First steps: Evaluating#
Before beginning the archival process, ask yourself fundamental questions about your goals and the repository’s significance.
Why are you archiving this repository?
Understanding your motivation helps determine the appropriate preservation approach:
- Software history preservation: Contributing to the history of software development
- Personal backup: Ensuring your own work is safely stored
- Community preservation: Protecting software important to a specific community
- Emergency rescue: Saving at-risk code before it disappears
- Research purposes: Preserving software for academic story or reproducibility
Is It Already Preserved?
Before investing effort in archiving, check if the repository is already preserved:
Check Software Heritage
- Visit Software Heritage
- Search using the repository URL (e.g., https://github.com/venqiu/repopres)

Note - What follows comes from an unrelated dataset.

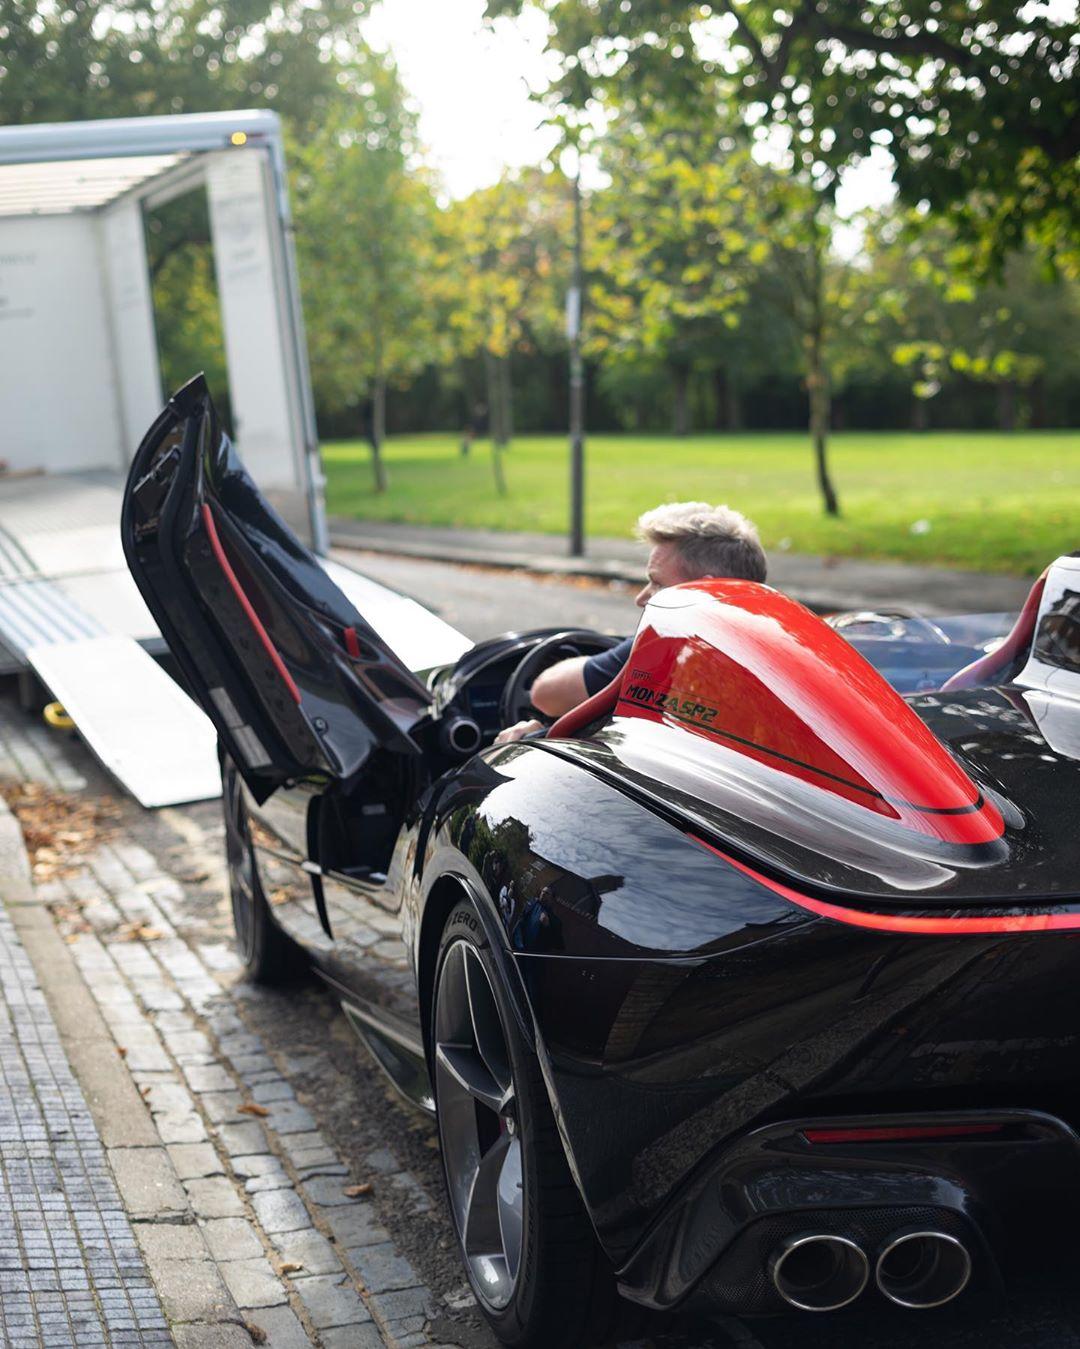 Gordon-Ramsay-Ferrari-Monza-SP2-5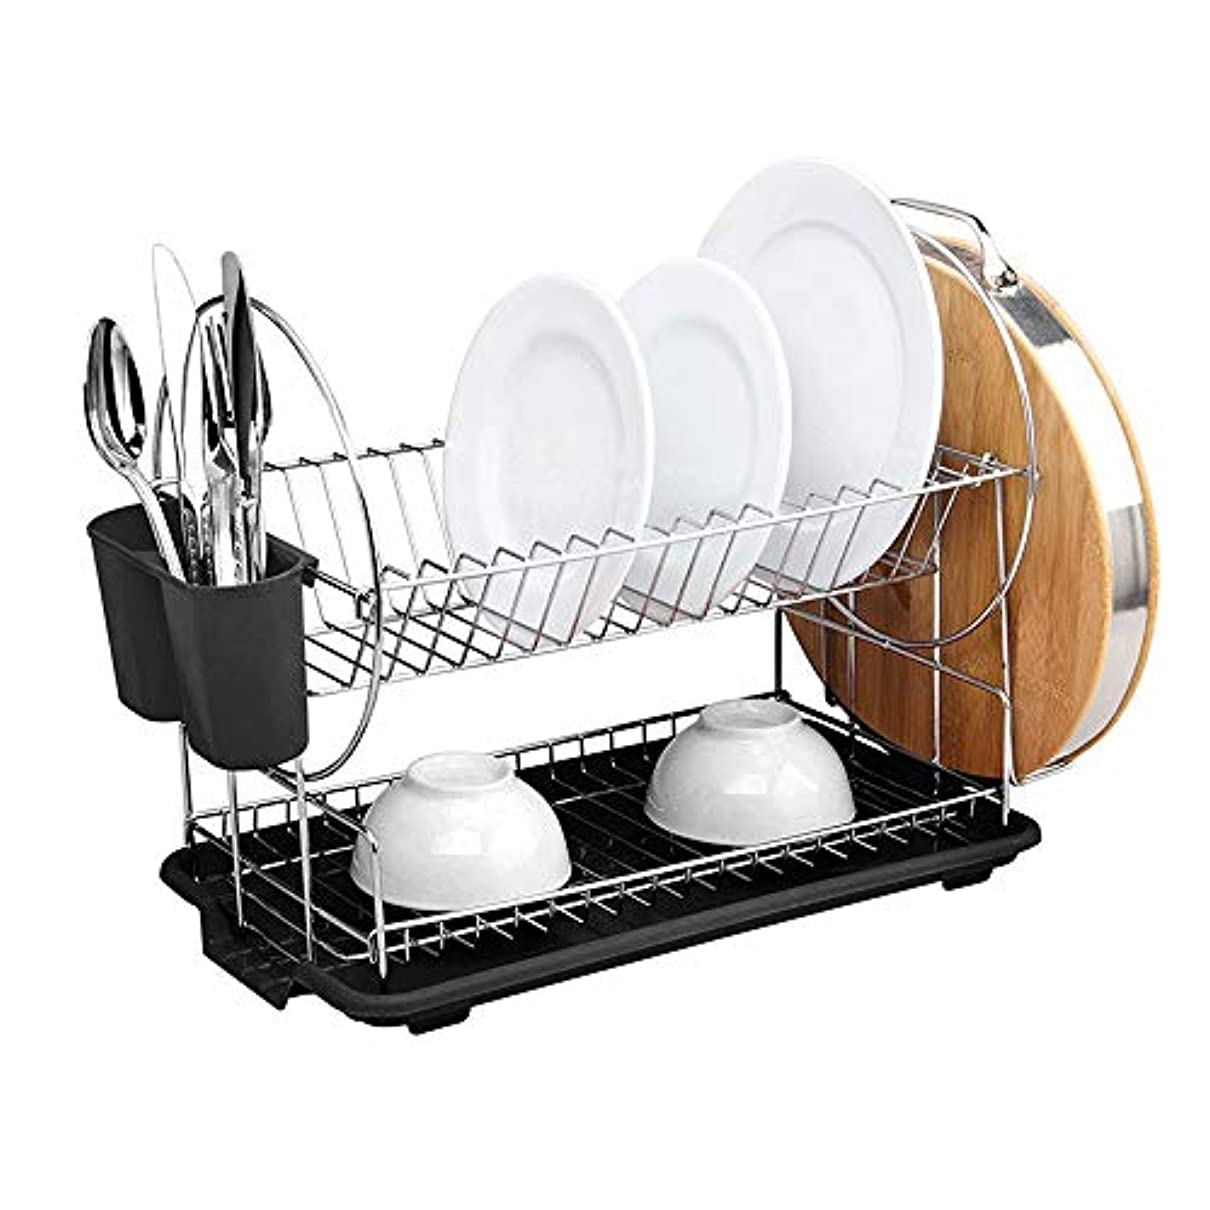 反対に地球水切り板/カトラリーカップの大容量の流し皿の乾燥の棚が付いているデラックスなステンレス鋼2層の皿の棚

- If found, verify the archive includes:
- Recent commits and branches
- Complete commit history
- All releases and tags
Even if already archived, you may still want to preserve additional context (issues, discussions, wiki) that Software Heritage doesn’t capture.
GitHub Repository Evaluation Checklist
Use this checklist to assess the completeness and archival readiness of your repository:
Completeness Assessment
Core components:
- Source code is present and readable
- Commit history exists and is complete
- README provides basic documentation
- License is clearly specified
- Dependencies are documented
Functionality status:
- Software builds successfully (if applicable)
- Installation or setup instructions exist
- Critical bugs are documented, if not fixed
- Known limitations are noted
Dependencies and External Requirements
Identify external dependencies:
- Programming language version
- External libraries and packages
- System dependencies (OS-specific)
- Hardware requirements
- Network services or APIs
Document what won’t be captured:
- Proprietary components not included in the repo
- Unpackaged files too large for upload
- Community knowledge not documented in code
Version Control Systems
Be prepared to work with various version control systems:
Common Systems:
- Git: Most prevalent
- Mercurial: Similar to Git; Check Git vs. Mercurial
- Apache Subversion (SVN): Centralized, client-server architecture
- CVS, Darcs, Bazaar: Less common alternatives